───── Entries provided
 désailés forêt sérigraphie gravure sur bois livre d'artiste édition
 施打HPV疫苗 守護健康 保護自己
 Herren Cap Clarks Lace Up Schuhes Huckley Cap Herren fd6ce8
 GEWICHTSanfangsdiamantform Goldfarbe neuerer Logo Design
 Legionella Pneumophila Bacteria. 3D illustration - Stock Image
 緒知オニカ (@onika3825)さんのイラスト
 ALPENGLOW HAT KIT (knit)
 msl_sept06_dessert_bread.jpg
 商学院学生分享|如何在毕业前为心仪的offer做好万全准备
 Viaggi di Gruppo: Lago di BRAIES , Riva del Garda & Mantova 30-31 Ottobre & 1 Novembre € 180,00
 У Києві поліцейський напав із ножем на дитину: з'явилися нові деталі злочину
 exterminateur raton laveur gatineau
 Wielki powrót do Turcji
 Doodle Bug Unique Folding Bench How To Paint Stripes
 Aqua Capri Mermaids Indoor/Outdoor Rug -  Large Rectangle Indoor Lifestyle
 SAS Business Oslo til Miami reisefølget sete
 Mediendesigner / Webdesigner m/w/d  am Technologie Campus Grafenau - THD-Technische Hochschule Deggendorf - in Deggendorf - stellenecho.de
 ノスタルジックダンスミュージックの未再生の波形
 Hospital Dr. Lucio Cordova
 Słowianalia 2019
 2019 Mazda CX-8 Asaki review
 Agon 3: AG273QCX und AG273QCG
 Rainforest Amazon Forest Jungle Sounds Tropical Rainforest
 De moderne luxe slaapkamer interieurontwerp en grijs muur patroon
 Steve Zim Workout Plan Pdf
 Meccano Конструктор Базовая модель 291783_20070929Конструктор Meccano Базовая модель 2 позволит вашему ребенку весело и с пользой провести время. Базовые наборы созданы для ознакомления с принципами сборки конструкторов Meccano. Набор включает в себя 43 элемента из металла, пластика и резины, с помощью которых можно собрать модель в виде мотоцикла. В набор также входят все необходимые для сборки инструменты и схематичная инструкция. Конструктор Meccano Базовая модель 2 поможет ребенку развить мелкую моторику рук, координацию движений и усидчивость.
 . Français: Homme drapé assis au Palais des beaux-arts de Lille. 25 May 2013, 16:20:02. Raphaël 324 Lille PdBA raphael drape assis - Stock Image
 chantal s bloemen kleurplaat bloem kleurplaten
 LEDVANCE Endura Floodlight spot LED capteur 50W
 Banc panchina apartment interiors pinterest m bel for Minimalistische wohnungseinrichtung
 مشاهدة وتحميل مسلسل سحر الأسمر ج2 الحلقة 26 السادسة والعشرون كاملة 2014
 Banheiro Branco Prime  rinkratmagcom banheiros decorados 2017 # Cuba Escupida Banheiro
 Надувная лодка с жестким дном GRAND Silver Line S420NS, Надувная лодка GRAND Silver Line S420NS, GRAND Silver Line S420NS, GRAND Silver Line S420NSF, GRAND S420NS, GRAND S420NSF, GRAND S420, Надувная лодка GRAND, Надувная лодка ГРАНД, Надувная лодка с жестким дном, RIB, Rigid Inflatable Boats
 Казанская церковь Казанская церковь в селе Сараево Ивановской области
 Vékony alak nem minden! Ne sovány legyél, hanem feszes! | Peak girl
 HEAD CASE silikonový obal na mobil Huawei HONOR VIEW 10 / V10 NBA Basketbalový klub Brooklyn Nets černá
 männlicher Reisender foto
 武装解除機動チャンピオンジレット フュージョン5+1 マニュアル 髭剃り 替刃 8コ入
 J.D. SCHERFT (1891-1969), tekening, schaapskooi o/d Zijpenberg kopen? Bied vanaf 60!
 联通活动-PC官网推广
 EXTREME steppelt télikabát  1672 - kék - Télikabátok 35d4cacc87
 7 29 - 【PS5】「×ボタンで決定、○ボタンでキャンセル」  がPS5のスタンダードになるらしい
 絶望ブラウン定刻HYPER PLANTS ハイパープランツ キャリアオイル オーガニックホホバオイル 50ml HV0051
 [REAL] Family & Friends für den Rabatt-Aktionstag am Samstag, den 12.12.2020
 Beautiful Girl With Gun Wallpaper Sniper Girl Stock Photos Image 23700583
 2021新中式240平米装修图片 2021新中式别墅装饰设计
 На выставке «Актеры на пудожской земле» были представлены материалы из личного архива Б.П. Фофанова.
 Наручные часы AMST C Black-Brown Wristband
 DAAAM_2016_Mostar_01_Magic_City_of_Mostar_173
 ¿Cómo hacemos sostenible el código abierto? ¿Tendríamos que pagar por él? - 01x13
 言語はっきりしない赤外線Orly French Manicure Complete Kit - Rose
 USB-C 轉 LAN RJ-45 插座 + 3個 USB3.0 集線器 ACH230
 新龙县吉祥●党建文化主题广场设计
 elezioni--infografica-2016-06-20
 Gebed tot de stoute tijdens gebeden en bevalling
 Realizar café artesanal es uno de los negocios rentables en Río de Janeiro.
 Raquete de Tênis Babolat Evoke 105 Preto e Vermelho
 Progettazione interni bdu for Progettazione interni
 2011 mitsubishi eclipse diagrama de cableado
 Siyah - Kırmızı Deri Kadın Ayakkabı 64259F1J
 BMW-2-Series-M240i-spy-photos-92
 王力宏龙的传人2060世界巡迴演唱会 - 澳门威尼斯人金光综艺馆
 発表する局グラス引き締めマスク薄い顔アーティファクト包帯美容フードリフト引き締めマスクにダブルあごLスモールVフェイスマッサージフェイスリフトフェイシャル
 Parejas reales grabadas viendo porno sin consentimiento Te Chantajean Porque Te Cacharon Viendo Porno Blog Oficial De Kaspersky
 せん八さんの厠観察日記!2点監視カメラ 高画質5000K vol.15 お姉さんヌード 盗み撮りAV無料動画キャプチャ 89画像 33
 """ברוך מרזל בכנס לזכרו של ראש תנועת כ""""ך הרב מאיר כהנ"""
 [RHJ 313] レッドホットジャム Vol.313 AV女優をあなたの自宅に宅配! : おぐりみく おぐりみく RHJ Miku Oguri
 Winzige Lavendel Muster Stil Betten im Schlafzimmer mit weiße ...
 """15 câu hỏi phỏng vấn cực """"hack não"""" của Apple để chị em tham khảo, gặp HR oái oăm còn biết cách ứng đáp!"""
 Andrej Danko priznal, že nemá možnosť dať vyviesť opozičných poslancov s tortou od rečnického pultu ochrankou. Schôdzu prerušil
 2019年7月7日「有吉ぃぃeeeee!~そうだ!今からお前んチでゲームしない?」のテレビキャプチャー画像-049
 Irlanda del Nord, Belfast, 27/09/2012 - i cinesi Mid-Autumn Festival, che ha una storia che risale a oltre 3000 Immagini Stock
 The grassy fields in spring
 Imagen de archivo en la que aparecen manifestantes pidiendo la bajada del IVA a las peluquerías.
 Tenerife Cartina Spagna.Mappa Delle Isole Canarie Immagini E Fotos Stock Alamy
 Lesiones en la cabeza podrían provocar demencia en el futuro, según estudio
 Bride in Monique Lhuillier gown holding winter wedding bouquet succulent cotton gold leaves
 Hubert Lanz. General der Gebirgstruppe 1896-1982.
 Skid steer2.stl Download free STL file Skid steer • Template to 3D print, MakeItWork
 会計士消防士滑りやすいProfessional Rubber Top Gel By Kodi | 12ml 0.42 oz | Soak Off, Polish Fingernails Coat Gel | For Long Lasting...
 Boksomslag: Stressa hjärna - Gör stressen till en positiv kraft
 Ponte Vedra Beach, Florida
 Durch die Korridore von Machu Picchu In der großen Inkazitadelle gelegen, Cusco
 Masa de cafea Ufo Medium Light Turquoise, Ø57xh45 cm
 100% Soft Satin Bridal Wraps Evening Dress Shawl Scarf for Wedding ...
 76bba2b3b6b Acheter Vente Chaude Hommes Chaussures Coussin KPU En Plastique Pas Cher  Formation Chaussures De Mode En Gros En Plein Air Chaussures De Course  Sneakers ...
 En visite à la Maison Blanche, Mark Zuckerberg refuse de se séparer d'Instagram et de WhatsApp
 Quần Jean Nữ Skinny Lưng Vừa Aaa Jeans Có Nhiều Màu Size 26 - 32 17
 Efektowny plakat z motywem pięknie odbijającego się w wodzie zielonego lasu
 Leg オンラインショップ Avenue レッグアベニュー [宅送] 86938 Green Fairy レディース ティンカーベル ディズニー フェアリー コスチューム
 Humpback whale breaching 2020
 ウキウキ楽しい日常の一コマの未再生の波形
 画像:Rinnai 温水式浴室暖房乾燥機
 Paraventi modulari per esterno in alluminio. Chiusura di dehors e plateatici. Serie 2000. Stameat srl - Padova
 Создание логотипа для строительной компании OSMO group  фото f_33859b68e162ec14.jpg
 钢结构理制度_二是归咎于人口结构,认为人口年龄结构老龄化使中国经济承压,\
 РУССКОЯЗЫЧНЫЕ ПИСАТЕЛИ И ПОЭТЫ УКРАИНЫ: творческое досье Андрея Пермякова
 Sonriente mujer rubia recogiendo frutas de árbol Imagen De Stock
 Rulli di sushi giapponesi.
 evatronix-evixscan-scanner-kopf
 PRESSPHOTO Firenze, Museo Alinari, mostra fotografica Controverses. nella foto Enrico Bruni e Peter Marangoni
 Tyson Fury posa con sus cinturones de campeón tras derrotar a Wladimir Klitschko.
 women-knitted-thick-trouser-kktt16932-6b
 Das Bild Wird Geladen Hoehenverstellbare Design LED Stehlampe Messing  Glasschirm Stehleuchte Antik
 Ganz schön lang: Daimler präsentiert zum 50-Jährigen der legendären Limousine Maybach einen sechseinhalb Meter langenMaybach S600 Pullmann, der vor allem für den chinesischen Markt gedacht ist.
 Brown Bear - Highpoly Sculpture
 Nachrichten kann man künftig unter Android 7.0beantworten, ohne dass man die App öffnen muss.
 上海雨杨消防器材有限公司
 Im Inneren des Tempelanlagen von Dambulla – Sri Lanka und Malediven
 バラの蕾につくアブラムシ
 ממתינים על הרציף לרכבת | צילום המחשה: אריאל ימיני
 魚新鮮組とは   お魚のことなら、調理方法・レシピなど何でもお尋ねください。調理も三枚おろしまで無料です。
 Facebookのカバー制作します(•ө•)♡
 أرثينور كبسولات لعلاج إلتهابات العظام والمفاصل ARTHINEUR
──────────
* Work item: Return exactly the lines above from the line that has "männlicher Reisender foto" through the line that has "Realizar café artesanal", inclusive, and nothing else.

* Expected output:
 männlicher Reisender foto
 武装解除機動チャンピオンジレット フュージョン5+1 マニュアル 髭剃り 替刃 8コ入
 J.D. SCHERFT (1891-1969), tekening, schaapskooi o/d Zijpenberg kopen? Bied vanaf 60!
 联通活动-PC官网推广
 EXTREME steppelt télikabát  1672 - kék - Télikabátok 35d4cacc87
 7 29 - 【PS5】「×ボタンで決定、○ボタンでキャンセル」  がPS5のスタンダードになるらしい
 絶望ブラウン定刻HYPER PLANTS ハイパープランツ キャリアオイル オーガニックホホバオイル 50ml HV0051
 [REAL] Family & Friends für den Rabatt-Aktionstag am Samstag, den 12.12.2020
 Beautiful Girl With Gun Wallpaper Sniper Girl Stock Photos Image 23700583
 2021新中式240平米装修图片 2021新中式别墅装饰设计
 На выставке «Актеры на пудожской земле» были представлены материалы из личного архива Б.П. Фофанова.
 Наручные часы AMST C Black-Brown Wristband
 DAAAM_2016_Mostar_01_Magic_City_of_Mostar_173
 ¿Cómo hacemos sostenible el código abierto? ¿Tendríamos que pagar por él? - 01x13
 言語はっきりしない赤外線Orly French Manicure Complete Kit - Rose
 USB-C 轉 LAN RJ-45 插座 + 3個 USB3.0 集線器 ACH230
 新龙县吉祥●党建文化主题广场设计
 elezioni--infografica-2016-06-20
 Gebed tot de stoute tijdens gebeden en bevalling
 Realizar café artesanal es uno de los negocios rentables en Río de Janeiro.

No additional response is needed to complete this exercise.